**RECORDS SHOWN**:

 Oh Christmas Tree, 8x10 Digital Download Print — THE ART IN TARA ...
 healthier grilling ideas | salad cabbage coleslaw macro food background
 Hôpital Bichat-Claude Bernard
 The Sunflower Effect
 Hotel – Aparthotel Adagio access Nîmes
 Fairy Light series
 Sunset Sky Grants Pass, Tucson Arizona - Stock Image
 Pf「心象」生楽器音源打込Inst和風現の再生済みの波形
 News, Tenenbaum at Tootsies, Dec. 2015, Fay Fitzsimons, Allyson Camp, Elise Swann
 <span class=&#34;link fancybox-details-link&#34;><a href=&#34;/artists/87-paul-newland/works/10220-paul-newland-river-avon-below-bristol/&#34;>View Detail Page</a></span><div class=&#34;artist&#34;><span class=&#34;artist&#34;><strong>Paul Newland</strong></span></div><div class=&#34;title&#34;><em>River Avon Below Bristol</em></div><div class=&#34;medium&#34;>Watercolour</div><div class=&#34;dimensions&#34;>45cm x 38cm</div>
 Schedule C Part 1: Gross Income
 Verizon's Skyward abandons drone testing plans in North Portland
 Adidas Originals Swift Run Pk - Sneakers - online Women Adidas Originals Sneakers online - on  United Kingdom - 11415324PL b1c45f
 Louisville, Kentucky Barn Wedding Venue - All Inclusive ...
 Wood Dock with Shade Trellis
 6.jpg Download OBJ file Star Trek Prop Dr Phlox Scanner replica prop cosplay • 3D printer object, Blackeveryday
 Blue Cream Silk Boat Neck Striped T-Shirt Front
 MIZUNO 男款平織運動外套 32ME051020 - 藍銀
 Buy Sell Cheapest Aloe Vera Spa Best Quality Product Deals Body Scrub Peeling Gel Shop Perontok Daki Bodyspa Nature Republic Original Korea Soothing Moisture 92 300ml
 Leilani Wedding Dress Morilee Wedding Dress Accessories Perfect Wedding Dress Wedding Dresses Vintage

**DIRECTIONS FOR THIS TASK**:
Starting from the line that contains "Verizon's Skyward abandons", give again every line to the last line of the data, exactly. Include nothing else.

**RESULT BELOW**:
 Verizon's Skyward abandons drone testing plans in North Portland
 Adidas Originals Swift Run Pk - Sneakers - online Women Adidas Originals Sneakers online - on  United Kingdom - 11415324PL b1c45f
 Louisville, Kentucky Barn Wedding Venue - All Inclusive ...
 Wood Dock with Shade Trellis
 6.jpg Download OBJ file Star Trek Prop Dr Phlox Scanner replica prop cosplay • 3D printer object, Blackeveryday
 Blue Cream Silk Boat Neck Striped T-Shirt Front
 MIZUNO 男款平織運動外套 32ME051020 - 藍銀
 Buy Sell Cheapest Aloe Vera Spa Best Quality Product Deals Body Scrub Peeling Gel Shop Perontok Daki Bodyspa Nature Republic Original Korea Soothing Moisture 92 300ml
 Leilani Wedding Dress Morilee Wedding Dress Accessories Perfect Wedding Dress Wedding Dresses Vintage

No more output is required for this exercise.